包み隠さず、ありのままでこれからこの腐った日本に、世界に配信していく。

さぁ、平和に目の眩んだ人々よ。これが「平和主義日本」の本来の姿だ。


『可笑しい』『狂ってる』


本当に?


本当に、俺達が、狂っているというのか?


本当に狂っているのは


平 和 に 目 の 眩 ん だ お 前 達 じ ゃ な い の か


さぁ、余談は終わりにしようか。


これが俺達なりの正義だ。



4月。それは多くの人が希望を抱いて新生活を始める。それは俺も同じだ。

とは言っても、2年目の高校生活は慣れてきて、面白みも何も無い。

「このクラスの担任、今野凪沙(なぎさ)です。1年間宜しくね」

去年も俺の担任だった今野先生。若手の教師という事もあり、生徒に人気がある。

一通りの自己紹介が終わり、委員会決めが始まる。

一番最初に決めるのはHR委員。

面倒だから誰もやりたがらない。

どうせ長引くのだろう。

「僕、委員長に立候補したいのだけれど。良いかい?」

挙手をして立ち上がったのは、茶髪の人目を惹き付ける容姿の奴。

「あら、白川くん。
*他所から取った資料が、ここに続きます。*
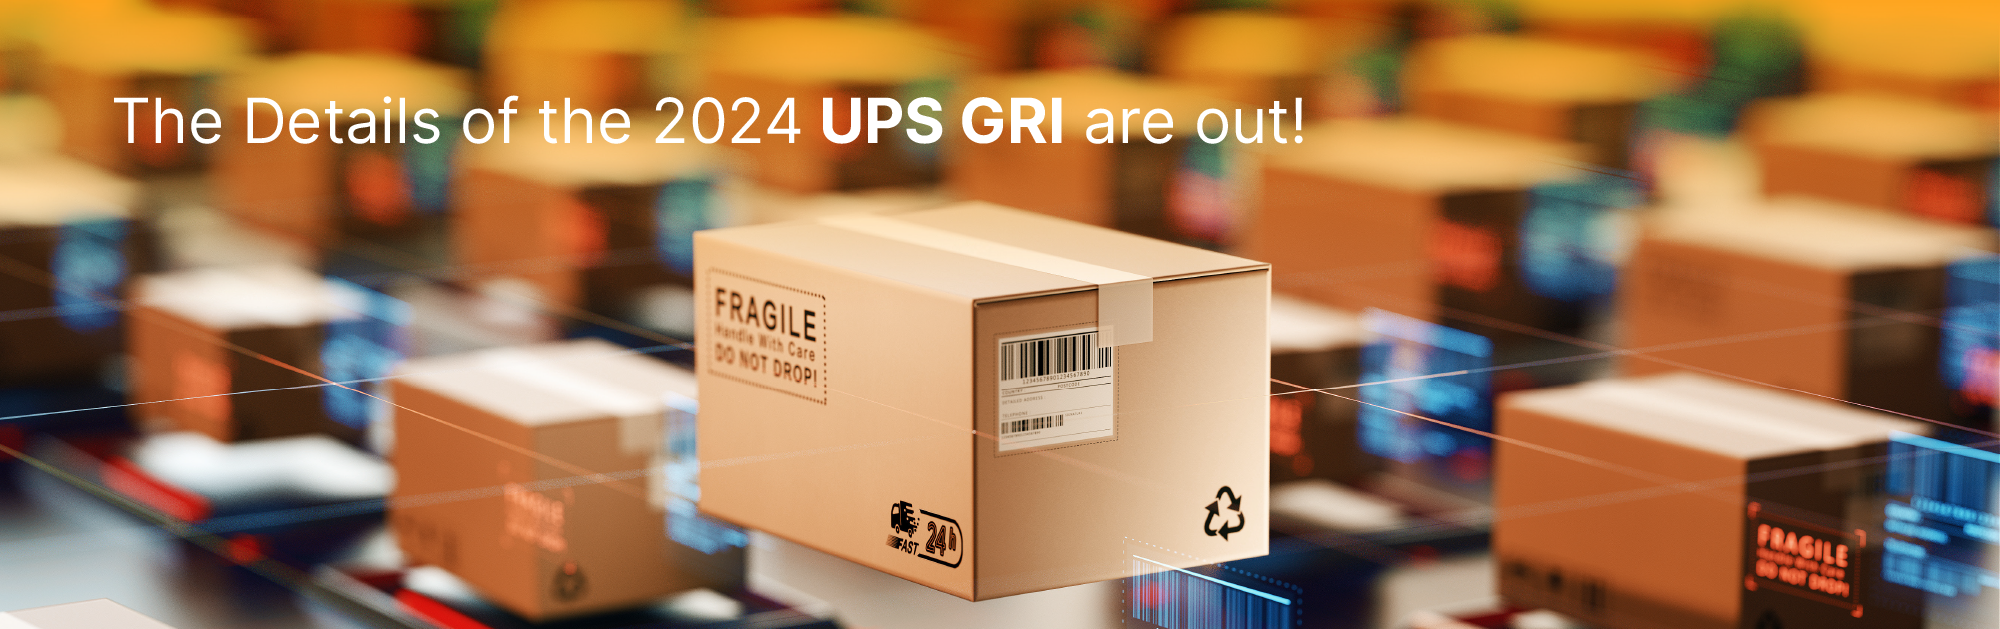 TransImpact breaks down the UPS® 2024 GRI

他に誰もいないならいいわよ」

いやいやいや…誰が自分から進んで委員長なんてやるかよ…どんな変人だ。

「…どうやら誰も居ないようだね」

だろうな…?

「じゃあ、白川くん、お願いね」

「…星凜(せり)くんやるの…?なら葵、副委員長やる」

「今年はすんなり決まるわね…いいわよ」

いや、星凜くんがやるから…とか動機が不純…

まぁ、これで今日決めるものは終わりだろうし、帰れる…。

「あ、クラスの仲を深める為の提案なんだけど…クラス全員、先生も含めてニックネームを付けないかい?」

…は?なんだこの委員長。やっぱり自分から立候補するんだ、変人だな、うん。

「おや?不満かい?赤沢(せきさわ)潤くん」

…なんで俺の名前…

「ふふ、まるで”なんで俺の名前知ってるんだ”とでも言いたげだね?」

…コイツ気持ち悪っ。去年同じクラスだった訳でもないのに。

「まぁ、席順と、名簿の名前見たら覚えるの当たり前だろ?」

いや、普通覚えねぇよ!?

「…私も覚えてないのに…」

ほら見ろ、お前の後ろで今野先生落ち込んでるだろ!?あれどうやってフォローすんの!?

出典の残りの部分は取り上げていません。